Dipole Wakefield Suppression In High Phase Advance Detuned Linear Accelerators for the JLC/NLC Designed to Minimise Electrical Breakdown and Cumulative BBU

Abstract

Recent experiments at SLAC [1,2] and CERN [3] have revealed evidence of significant deformation in the form of ''pitting'' of the cells of the 1.8m series of structures DDS/RDDS (Damped Detuned Structure/Rounded Damped Detuned Structure). This pitting occurs in the high group velocity (v{sub g}/c = 0.012) end of the accelerating structure and little evidence of breakdown has been found in the lower group velocity end of the structure.
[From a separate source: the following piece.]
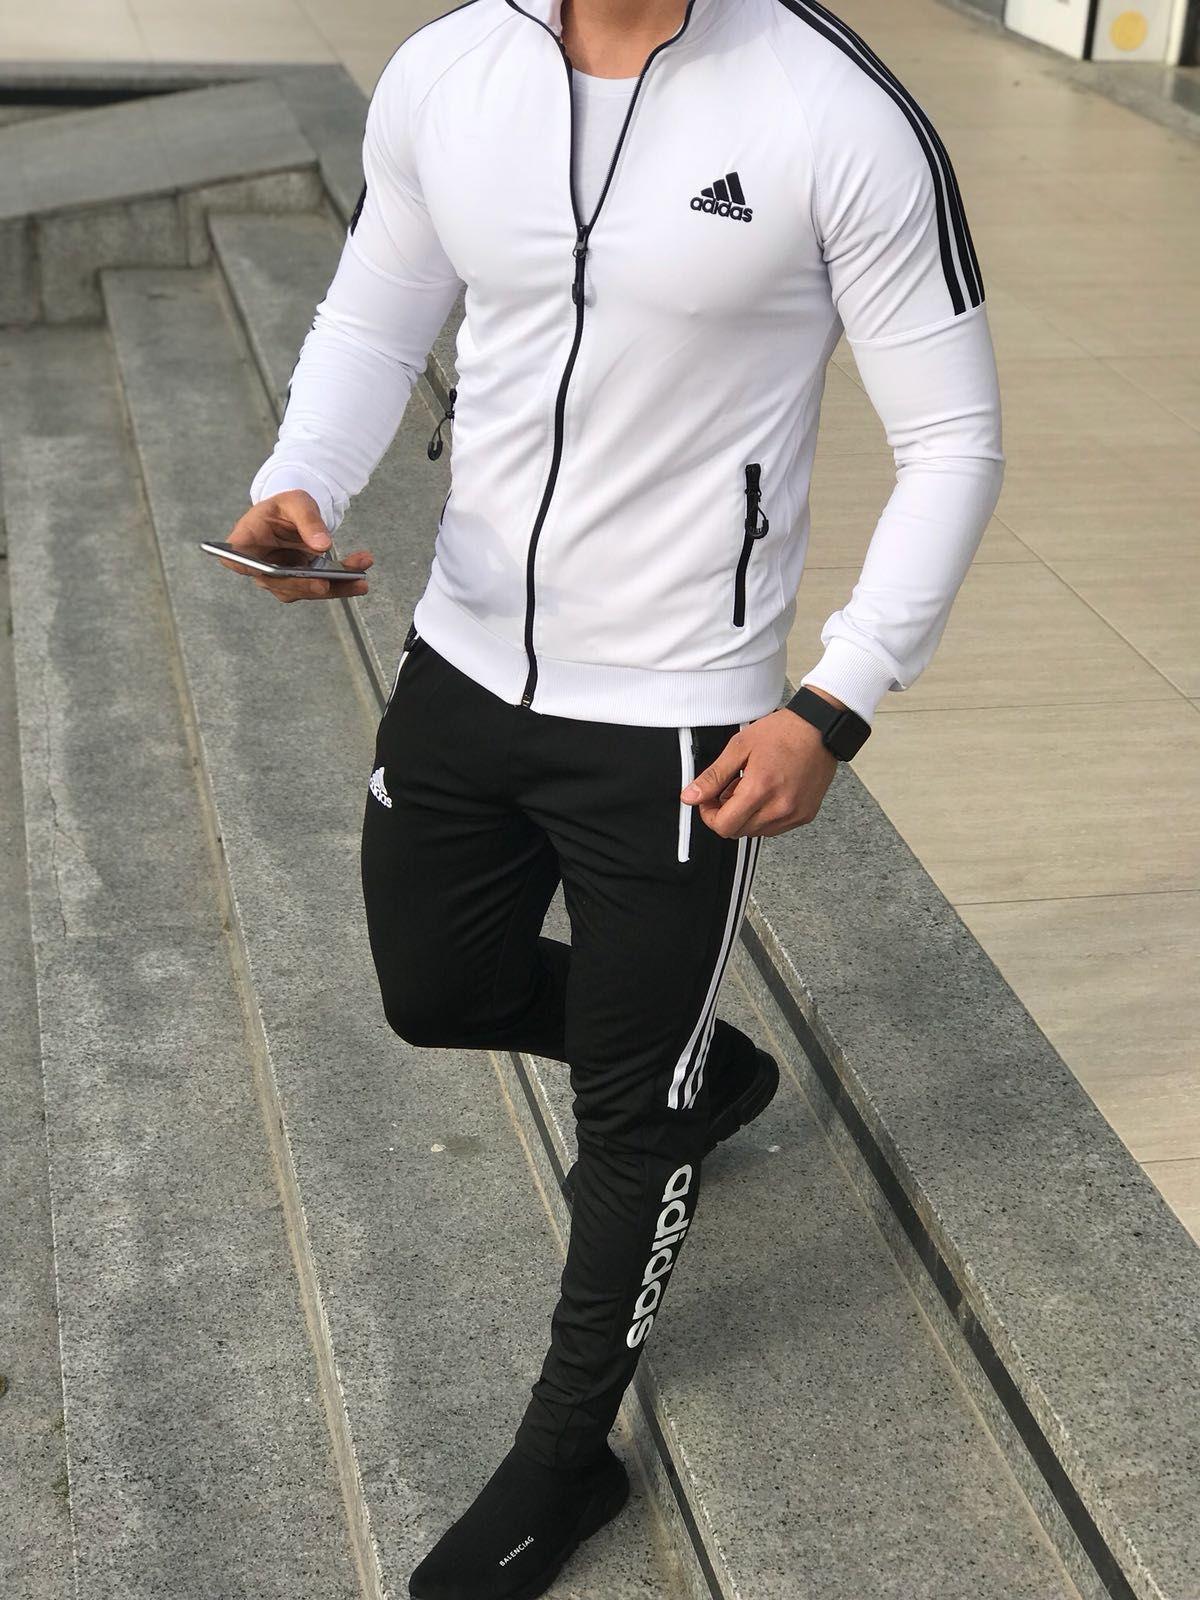 adidas Eşofman E0304Ropa Adidas Erkek Takımı hombreRopa pqULzMVGS
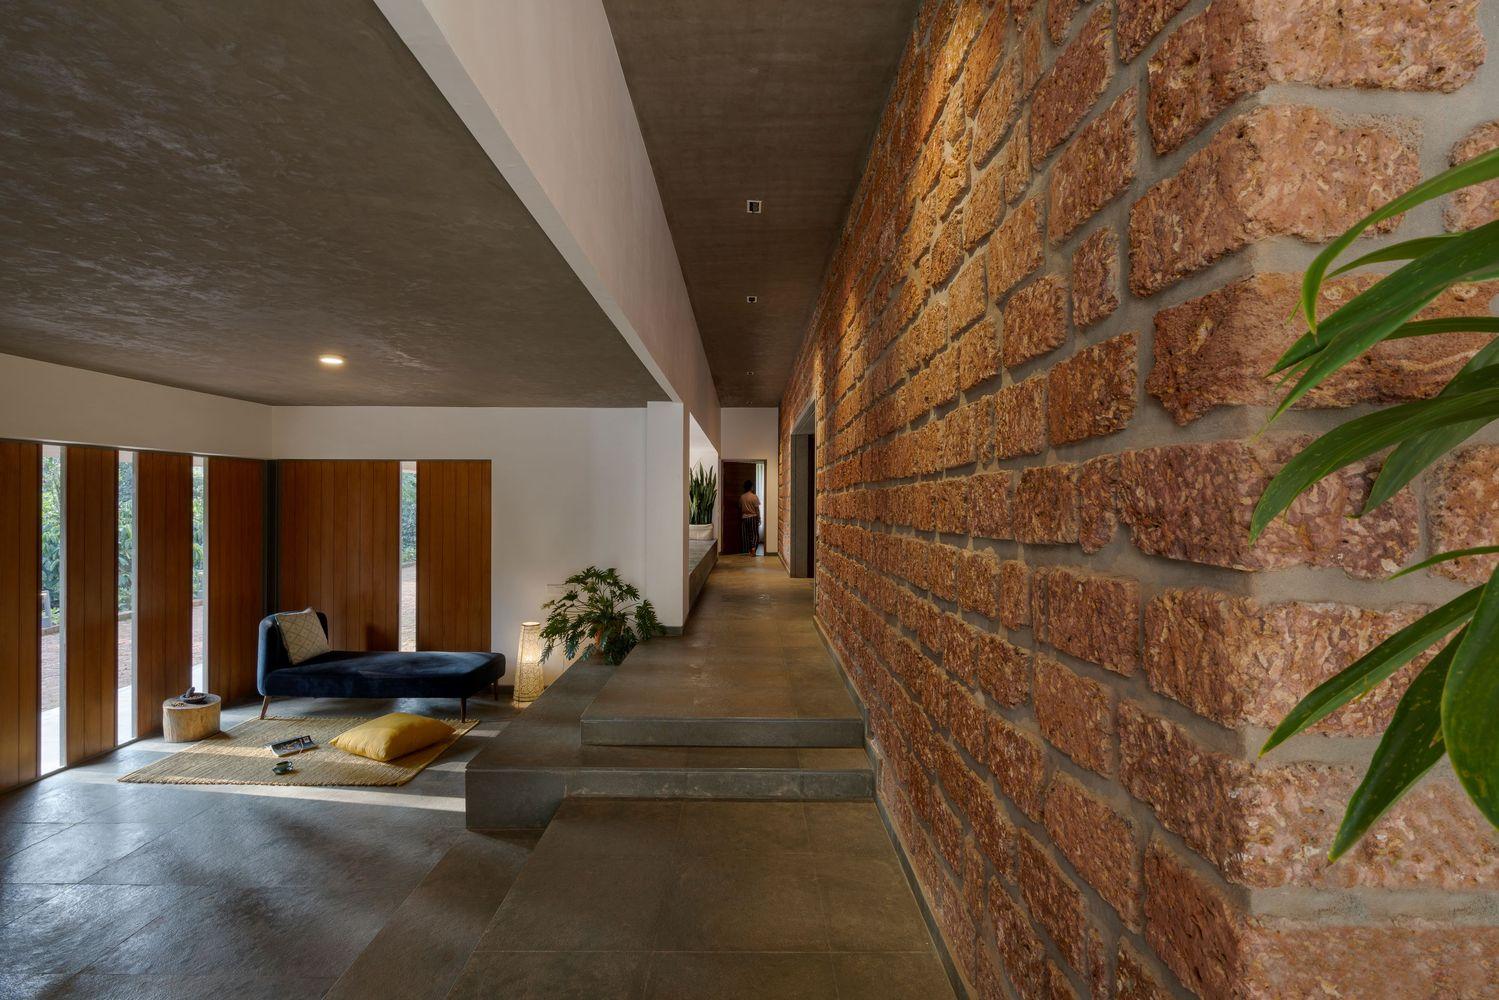 Ovoid House por Greyscale Design Studio 04

Additional, albeit preliminary experimental evidence, suggests that shorter and lower group velocity structures have reduced breakdown events with increasing accelerating field strengths. Two designs are presented here, firstly a 90cm structure consisting of 83 cells with an initial v{sub g}/c = 0.0506 (known as H90VG5) and secondly, an even shorter structure of length 60cm consisting of 55 cells with an initial v{sub g}/c = 0.03 (known as H60VG3). The feasibility of using these structures to accelerate a charged beam over 10km is investigated. The particular issue focused upon is suppression of the dipole wakefields via detuning of the cell frequencies and by locally damping individual cells in order to avoid BBU (Beam Break Up). Results are presented on beam-induced dipole wakefields and on the beam dynamics encountered on tracking the progress of the beam through several thousand accelerating structures.